Metric | Alias | Description
:--- |:--- |:---
`stage` | `st` | The current stage of a segment replication event.
`time` | `t`, `ti` | The amount of time a segment replication event took to complete, in milliseconds.
`files_fetched` | `ff` | The number of files fetched so far for a segment replication event.
`files_percent` | `fp` | The percentage of files fetched so far for a segment replication event.
`bytes_fetched` | `bf` | The number of bytes fetched so far for a segment replication event.
`bytes_percent` | `bp` | The number of bytes fetched so far for a segment replication event as a percentage.
`start_time` | `start` | The segment replication start time.
`stop_time` | `stop` | The segment replication stop time.
`files` | `f` | The number of files that needs to be fetched for a segment replication event.
`files_total` | `tf` | The total number of files that are part of this recovery, including both reused and recovered files.

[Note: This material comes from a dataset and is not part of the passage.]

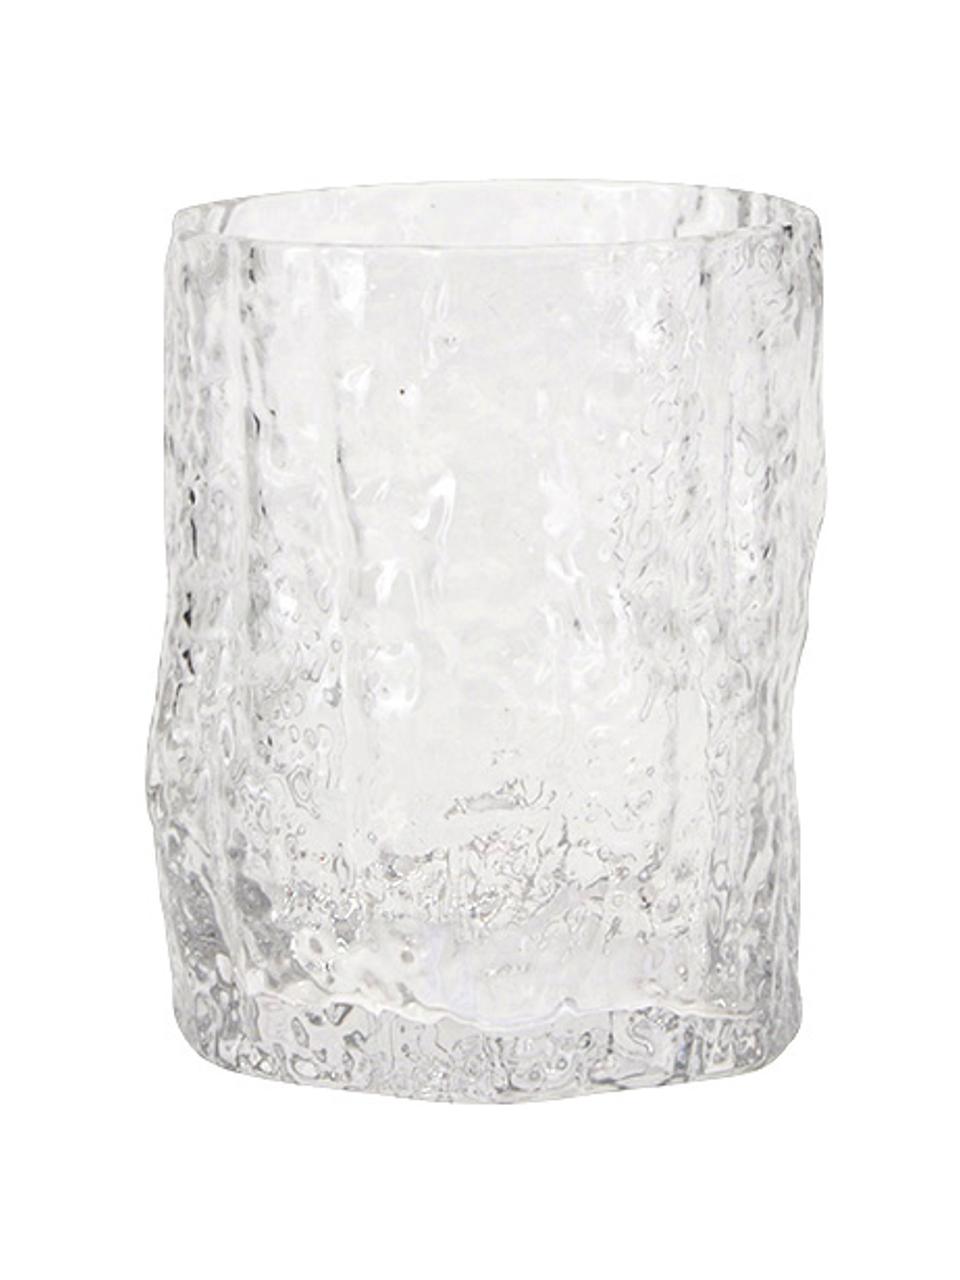 Wassergläser Coco in organischer Form, 6 Stück, Glas, Transparent, Ø 7 x H 9 cm, 330 ml
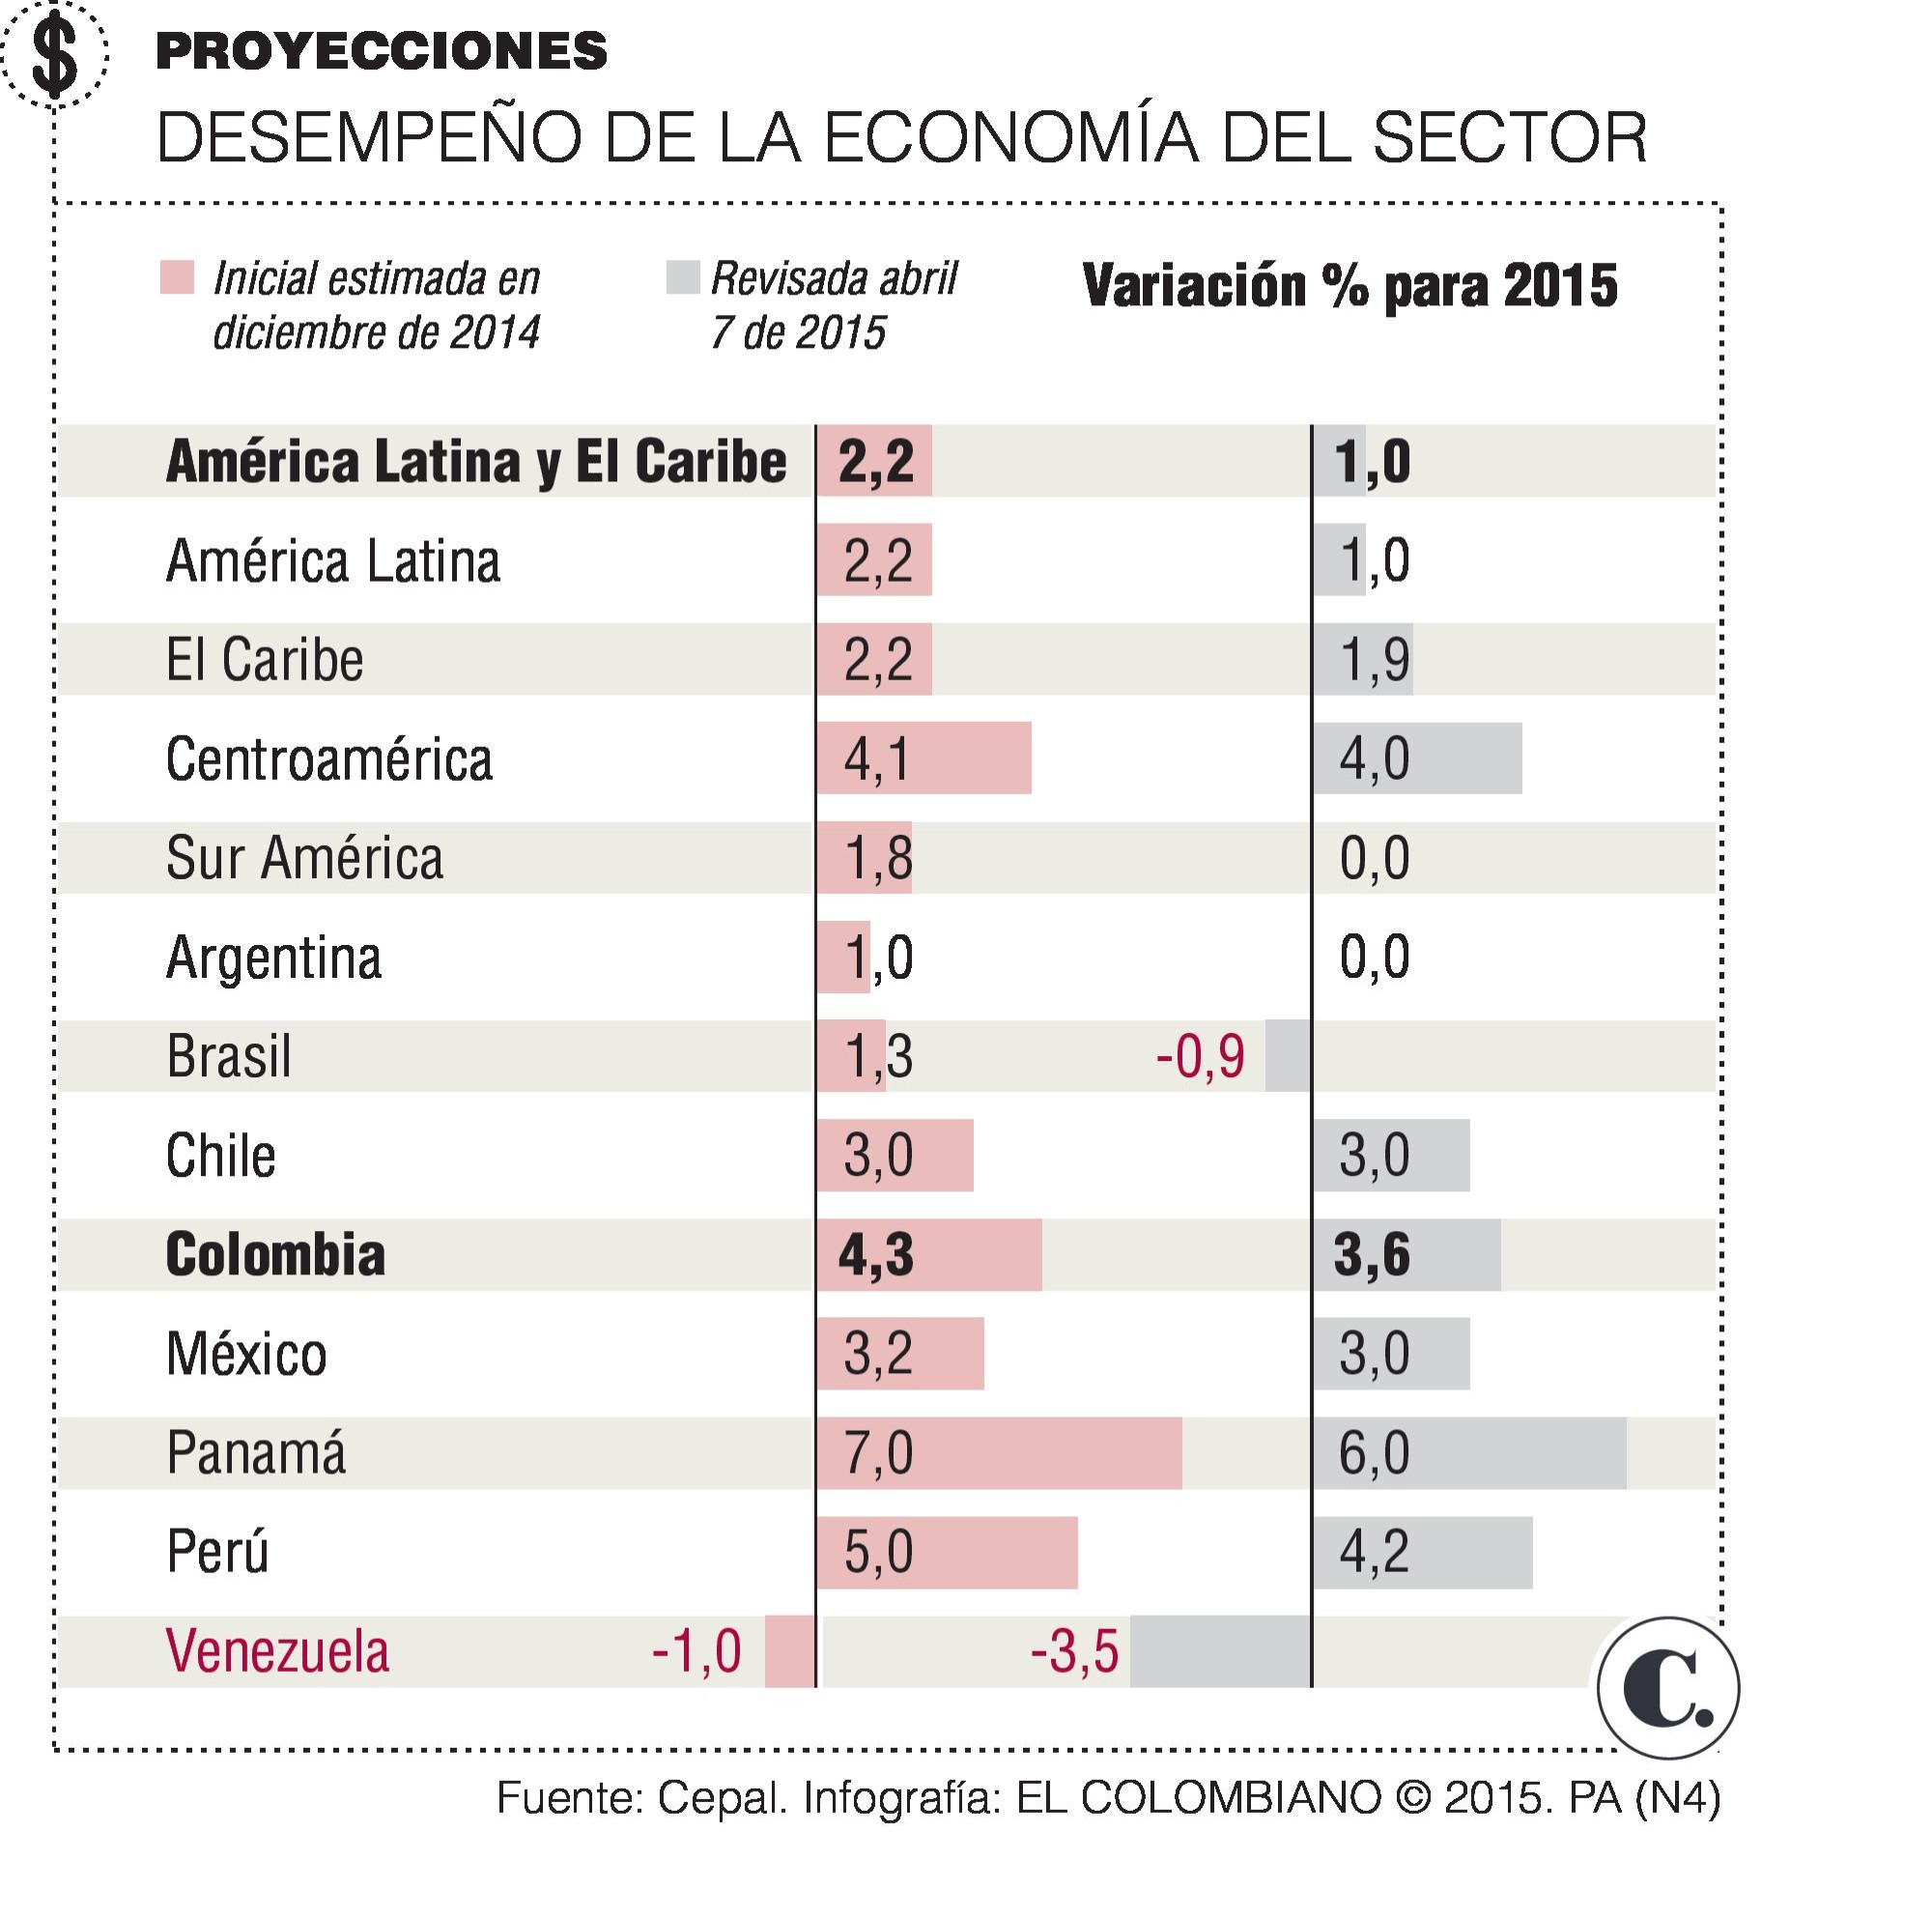 Economía suramericana se frenará este año: Cepal

`bytes` | `b` | The number of bytes that needs to be fetched for a segment replication event.
`bytes_total` | `tb` | The total number of bytes in the shard.
`replicating_stage_time_taken` | `rstt` | The amount of time the `replicating` stage of a segment replication event took to complete.
`get_checkpoint_info_stage_time_taken` | `gcistt` | The amount of time the `get checkpoint info` stage of a segment replication event took to complete.
`file_diff_stage_time_taken` | `fdstt` | The amount of time the `file diff` stage of a segment replication event took to complete.
`get_files_stage_time_taken` | `gfstt` | The amount of time the `get files` stage of a segment replication event took to complete.
`finalize_replication_stage_time_taken` | `frstt` | The amount of time the `finalize replication` stage of a segment replication event took to complete.